● Stored entries
= Beginning of Section =

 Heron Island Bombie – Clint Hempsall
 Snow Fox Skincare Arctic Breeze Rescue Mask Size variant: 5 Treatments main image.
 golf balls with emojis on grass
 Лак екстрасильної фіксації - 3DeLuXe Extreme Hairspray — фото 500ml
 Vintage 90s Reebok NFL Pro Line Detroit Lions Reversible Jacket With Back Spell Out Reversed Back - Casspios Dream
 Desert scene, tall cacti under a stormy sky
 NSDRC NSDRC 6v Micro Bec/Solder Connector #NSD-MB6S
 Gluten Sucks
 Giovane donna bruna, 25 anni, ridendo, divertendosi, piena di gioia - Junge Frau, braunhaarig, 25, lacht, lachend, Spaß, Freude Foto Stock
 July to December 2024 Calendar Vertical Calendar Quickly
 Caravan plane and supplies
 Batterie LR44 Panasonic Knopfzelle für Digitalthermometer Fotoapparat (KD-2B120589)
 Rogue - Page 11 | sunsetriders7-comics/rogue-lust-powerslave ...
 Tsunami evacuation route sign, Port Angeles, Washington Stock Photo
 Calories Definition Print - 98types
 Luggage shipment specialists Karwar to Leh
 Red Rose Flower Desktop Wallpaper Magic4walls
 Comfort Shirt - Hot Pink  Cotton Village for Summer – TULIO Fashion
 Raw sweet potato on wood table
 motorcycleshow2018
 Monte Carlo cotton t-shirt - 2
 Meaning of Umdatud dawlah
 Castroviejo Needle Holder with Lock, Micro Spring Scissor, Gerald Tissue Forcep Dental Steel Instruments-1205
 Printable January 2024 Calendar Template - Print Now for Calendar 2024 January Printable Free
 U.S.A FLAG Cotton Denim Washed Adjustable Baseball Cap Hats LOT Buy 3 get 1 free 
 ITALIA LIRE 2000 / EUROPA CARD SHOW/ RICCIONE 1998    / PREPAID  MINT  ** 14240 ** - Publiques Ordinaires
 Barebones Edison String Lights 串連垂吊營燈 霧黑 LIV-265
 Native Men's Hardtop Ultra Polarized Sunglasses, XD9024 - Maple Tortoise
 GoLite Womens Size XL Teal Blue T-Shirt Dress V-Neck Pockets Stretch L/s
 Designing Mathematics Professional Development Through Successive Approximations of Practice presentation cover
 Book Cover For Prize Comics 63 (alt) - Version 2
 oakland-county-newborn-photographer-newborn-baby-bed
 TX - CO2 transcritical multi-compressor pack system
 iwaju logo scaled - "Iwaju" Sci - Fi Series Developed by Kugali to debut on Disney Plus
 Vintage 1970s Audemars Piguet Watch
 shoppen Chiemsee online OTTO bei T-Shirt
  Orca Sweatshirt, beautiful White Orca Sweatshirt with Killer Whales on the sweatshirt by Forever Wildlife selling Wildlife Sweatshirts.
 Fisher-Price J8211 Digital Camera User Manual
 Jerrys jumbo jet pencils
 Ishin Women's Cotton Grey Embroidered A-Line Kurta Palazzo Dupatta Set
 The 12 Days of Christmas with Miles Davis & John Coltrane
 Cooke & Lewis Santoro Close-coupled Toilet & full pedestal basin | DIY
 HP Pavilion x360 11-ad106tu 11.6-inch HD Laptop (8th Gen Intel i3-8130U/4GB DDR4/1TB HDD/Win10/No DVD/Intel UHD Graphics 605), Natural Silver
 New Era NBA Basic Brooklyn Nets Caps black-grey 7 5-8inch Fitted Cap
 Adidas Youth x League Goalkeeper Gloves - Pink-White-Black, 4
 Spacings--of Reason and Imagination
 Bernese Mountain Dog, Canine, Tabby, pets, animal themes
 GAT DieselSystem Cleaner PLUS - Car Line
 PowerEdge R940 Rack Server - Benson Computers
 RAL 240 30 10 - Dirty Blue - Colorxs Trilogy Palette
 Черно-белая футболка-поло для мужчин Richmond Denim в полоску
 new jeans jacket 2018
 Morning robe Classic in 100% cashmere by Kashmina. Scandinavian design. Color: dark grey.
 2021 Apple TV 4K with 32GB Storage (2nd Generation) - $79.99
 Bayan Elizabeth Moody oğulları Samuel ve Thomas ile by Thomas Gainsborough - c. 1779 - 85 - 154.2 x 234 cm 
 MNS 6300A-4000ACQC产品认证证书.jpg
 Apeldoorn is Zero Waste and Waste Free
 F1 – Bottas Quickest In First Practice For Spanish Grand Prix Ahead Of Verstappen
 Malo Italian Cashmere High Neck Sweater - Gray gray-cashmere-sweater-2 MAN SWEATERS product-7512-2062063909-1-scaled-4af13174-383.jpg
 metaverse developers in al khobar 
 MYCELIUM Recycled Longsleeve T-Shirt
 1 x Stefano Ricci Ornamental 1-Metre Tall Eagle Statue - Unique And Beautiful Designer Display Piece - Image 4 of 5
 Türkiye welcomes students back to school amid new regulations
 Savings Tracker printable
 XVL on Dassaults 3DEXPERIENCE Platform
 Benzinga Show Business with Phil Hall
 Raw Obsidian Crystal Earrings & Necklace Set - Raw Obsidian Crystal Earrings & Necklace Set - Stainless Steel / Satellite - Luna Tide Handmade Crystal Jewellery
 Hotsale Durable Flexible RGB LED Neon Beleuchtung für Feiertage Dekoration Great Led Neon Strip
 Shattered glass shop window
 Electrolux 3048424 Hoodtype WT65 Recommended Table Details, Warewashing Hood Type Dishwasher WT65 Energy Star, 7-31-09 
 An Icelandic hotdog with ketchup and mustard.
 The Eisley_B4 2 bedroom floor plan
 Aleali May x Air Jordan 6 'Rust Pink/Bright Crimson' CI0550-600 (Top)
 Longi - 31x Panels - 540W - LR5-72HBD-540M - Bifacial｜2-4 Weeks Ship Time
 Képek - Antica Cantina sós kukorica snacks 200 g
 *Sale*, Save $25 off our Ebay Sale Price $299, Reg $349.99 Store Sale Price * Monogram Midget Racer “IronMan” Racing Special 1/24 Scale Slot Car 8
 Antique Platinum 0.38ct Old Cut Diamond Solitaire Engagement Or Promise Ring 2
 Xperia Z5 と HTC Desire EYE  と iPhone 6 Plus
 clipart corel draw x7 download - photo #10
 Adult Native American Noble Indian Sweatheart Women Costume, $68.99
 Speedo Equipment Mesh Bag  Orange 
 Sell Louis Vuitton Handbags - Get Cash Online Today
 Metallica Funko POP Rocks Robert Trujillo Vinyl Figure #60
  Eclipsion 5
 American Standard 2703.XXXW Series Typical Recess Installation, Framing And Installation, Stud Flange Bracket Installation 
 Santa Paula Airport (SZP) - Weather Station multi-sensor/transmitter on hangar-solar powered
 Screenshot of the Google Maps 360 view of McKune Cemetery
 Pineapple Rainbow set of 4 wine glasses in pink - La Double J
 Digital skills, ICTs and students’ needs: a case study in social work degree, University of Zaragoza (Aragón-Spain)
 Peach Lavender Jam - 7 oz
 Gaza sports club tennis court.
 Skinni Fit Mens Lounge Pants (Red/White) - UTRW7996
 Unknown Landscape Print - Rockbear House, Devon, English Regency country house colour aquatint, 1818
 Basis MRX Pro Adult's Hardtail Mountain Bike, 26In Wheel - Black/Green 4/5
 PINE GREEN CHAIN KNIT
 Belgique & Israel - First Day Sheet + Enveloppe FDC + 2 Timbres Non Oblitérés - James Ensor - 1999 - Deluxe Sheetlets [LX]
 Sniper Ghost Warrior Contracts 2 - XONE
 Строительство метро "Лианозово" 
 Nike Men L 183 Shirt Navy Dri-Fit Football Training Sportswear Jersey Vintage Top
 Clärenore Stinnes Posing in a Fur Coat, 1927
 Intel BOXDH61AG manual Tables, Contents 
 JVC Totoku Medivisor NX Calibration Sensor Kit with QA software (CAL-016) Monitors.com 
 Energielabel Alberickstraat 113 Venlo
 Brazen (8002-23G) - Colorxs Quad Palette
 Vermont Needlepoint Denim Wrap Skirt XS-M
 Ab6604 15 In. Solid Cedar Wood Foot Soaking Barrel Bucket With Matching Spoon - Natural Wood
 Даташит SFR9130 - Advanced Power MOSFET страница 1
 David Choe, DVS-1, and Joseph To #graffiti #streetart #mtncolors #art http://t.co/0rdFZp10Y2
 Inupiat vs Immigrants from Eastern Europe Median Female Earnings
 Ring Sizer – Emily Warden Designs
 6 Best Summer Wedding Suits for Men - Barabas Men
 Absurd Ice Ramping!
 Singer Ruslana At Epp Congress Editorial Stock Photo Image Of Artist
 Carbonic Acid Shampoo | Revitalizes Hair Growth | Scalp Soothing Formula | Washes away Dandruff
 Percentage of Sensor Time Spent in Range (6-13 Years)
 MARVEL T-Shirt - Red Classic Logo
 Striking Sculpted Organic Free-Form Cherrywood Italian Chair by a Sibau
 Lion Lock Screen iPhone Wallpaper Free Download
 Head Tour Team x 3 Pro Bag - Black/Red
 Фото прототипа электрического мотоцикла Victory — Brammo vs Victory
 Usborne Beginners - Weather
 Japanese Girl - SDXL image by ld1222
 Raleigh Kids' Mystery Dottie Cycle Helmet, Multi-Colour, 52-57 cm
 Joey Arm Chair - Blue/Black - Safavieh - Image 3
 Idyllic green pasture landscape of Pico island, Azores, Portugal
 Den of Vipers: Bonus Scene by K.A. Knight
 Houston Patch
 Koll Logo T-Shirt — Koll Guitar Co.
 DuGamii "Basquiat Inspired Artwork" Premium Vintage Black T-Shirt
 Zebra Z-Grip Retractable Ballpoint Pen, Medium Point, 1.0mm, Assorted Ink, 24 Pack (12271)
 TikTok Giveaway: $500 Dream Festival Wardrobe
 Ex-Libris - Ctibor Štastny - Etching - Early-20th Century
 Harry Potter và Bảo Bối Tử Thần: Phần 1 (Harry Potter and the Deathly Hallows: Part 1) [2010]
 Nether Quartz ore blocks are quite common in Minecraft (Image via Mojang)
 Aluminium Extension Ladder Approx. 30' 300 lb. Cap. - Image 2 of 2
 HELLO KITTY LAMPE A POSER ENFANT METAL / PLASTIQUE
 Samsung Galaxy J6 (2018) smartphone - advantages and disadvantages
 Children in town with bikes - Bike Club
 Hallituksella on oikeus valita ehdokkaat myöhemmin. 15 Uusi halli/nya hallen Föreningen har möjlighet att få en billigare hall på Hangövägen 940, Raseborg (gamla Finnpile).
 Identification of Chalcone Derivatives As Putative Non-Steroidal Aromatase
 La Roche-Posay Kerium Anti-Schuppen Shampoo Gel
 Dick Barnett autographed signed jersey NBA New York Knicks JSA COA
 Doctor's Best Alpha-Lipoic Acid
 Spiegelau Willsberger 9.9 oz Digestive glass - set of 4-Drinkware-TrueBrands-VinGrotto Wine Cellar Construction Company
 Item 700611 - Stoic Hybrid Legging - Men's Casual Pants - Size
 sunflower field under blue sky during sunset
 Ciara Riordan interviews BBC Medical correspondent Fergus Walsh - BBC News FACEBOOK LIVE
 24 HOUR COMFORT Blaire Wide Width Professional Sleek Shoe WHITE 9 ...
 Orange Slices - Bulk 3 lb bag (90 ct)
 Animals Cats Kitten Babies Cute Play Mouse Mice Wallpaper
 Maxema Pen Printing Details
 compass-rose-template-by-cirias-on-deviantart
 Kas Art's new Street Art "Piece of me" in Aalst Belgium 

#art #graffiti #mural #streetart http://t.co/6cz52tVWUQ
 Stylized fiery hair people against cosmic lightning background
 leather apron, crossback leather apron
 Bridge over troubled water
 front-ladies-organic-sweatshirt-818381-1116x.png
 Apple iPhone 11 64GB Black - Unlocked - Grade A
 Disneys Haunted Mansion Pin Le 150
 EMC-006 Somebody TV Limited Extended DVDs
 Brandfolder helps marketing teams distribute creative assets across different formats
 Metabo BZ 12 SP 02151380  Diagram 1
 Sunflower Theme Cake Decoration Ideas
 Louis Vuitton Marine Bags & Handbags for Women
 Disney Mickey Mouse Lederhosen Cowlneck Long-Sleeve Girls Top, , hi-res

= End of Section =

● WHAT YOU ARE ASKED TO DO
Among the records above, repeat exactly the line with "Harry Potter và", the line with "Hallituksella on oikeus", and every line in between, and only those.

● TASK ANSWER
 Harry Potter và Bảo Bối Tử Thần: Phần 1 (Harry Potter and the Deathly Hallows: Part 1) [2010]
 Nether Quartz ore blocks are quite common in Minecraft (Image via Mojang)
 Aluminium Extension Ladder Approx. 30' 300 lb. Cap. - Image 2 of 2
 HELLO KITTY LAMPE A POSER ENFANT METAL / PLASTIQUE
 Samsung Galaxy J6 (2018) smartphone - advantages and disadvantages
 Children in town with bikes - Bike Club
 Hallituksella on oikeus valita ehdokkaat myöhemmin. 15 Uusi halli/nya hallen Föreningen har möjlighet att få en billigare hall på Hangövägen 940, Raseborg (gamla Finnpile).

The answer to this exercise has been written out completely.